Là où se trouve Al-Qaïda, là où « rôdent des méchants », les États-Unis ont l’obligation d’intervenir au nom de la « communauté internationale ». La menace terroriste est utilisée comme prétexte pour interférer dans les affaires internes des pays souverains, impliquant l’envoi de forces spéciales et des attaques de drones, sans qu’il y ait réellement de déclaration de guerre. Ce genre d’opérations est décrit dans le Project of New American Century (Projet pour un nouveau siècle américain, PNAC) comme une fonction de gendarmerie.

Par ailleurs, dans le cadre de la GMAT, des campagnes militaires de grande envergure ont été menées dans plusieurs pays, comme les guerres en Afghanistan et en Irak. Les gouvernements afghan et irakien ont tous deux été identifiés comme des « états finançant le terrorisme ».

On dit également de la République islamique d’Iran qu’elle appuie Al-Qaïda. La doctrine de guerre préemptive de l’administration étasunienne repose sur cette relation présumée entre des organisations terroristes non étatiques et les États terroristes qui les financent. Il est entendu, pari passu, que les États qui financent le terrorisme, peu importe lesquels, sont également responsables des attaques du 11-Septembre, c’est-à-dire d’avoir soutenu et encouragé Al-Qaïda.

Michel Chossudovsky

3 octobre 2011

Article original en anglais : The Al Qaeda Legend : Wither The « Global War on Terrorism »? Part I, publié le 3 octobre 2011.

La version française a été publié initialement le 11 octobre 2011.

Traduction : Julie Lévesque pour Mondialisation.ca 

 [1]  Note de l’éditeur : « préemptive » est une terme anglais qui a été utilisé par l’ex-président Georges W. Bush  en juin 2002. Le terme de « guerre préemptive » est ainsi différent de celui de « guerre préventive » et signifie plus précisément « devancer l’adversaire » face à une menace – soi-disant – réelle et constatée. Ce terme est employé en relation avec la guerre au terrorisme. Pour plus d’informations sur l’utilisation du concept de guerre préemptive voir le site web Ressources pour la Paix http://www.irenees.net/fr/fiches/notions/fiche-notions-175.html

 [2]   NDT : Homeland Security signifie littéralement « sécurité de la patrie », mais on emploie communément « sécurité intérieure ».

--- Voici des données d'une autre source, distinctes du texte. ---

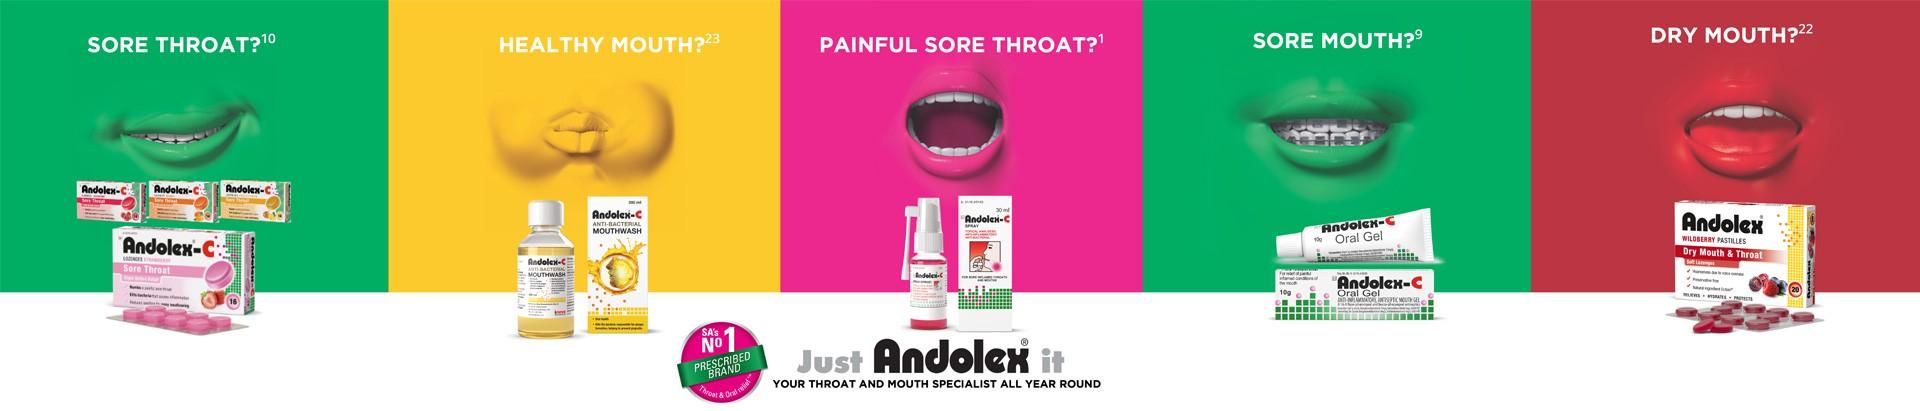 andolex-banner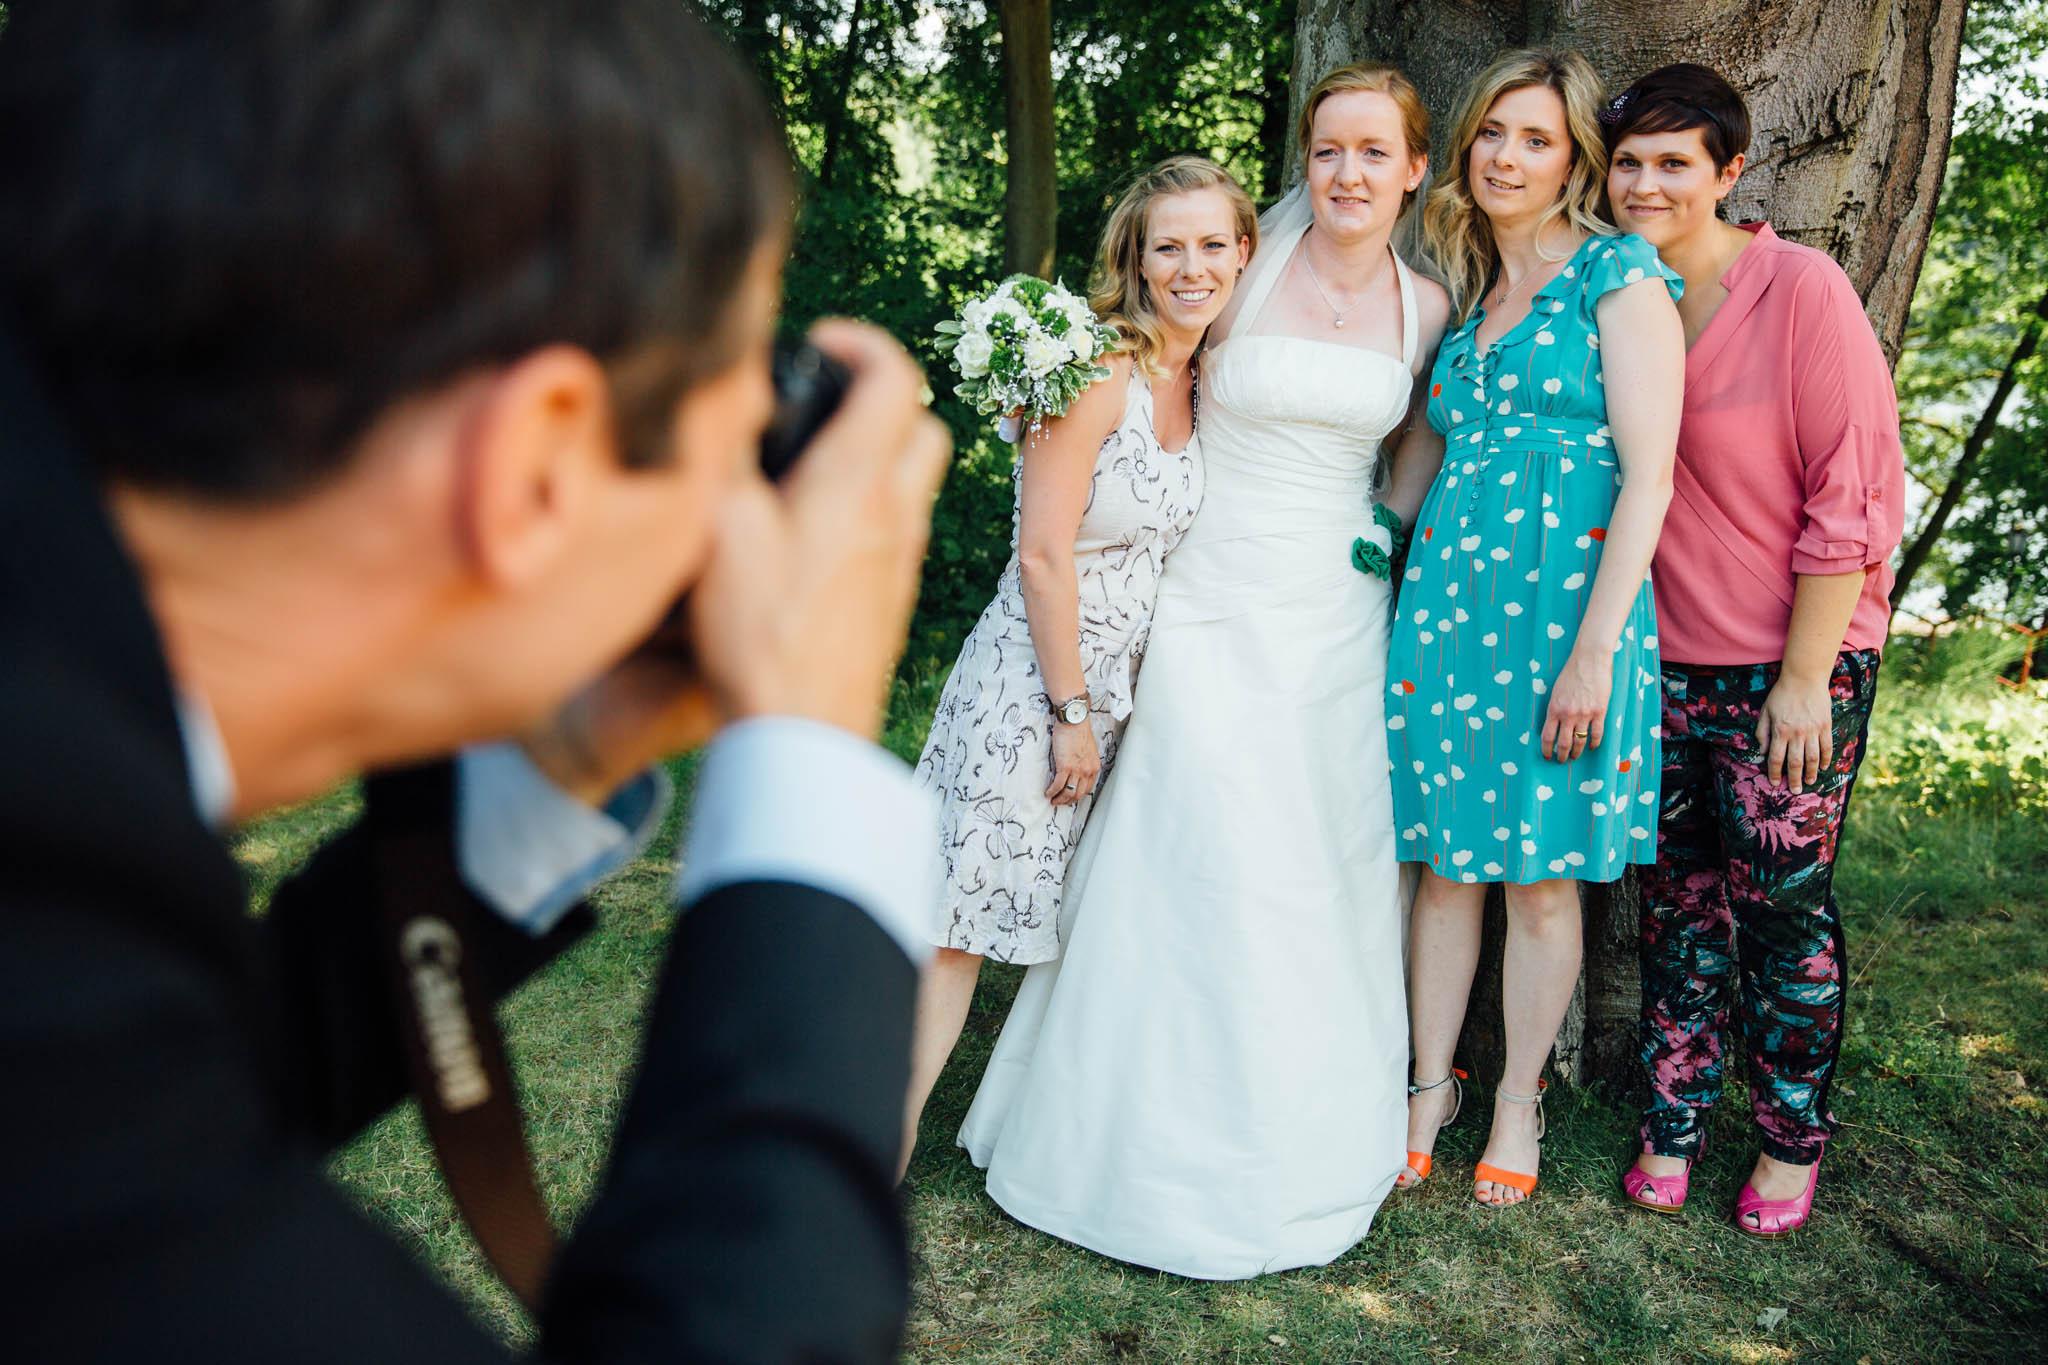 hochzeitsreportage-gruppenfotos-familienfotos

Michel Chossudovsky est directeur du Centre de recherche sur la mondialisation et professeur émérite de sciences économiques à l’Université d’Ottawa. Il est l’auteur de Guerre et mondialisation, La vérité derrière le 11 septembre et de la Mondialisation de la pauvreté et nouvel ordre mondial (best-seller international publié en plus de 20 langues).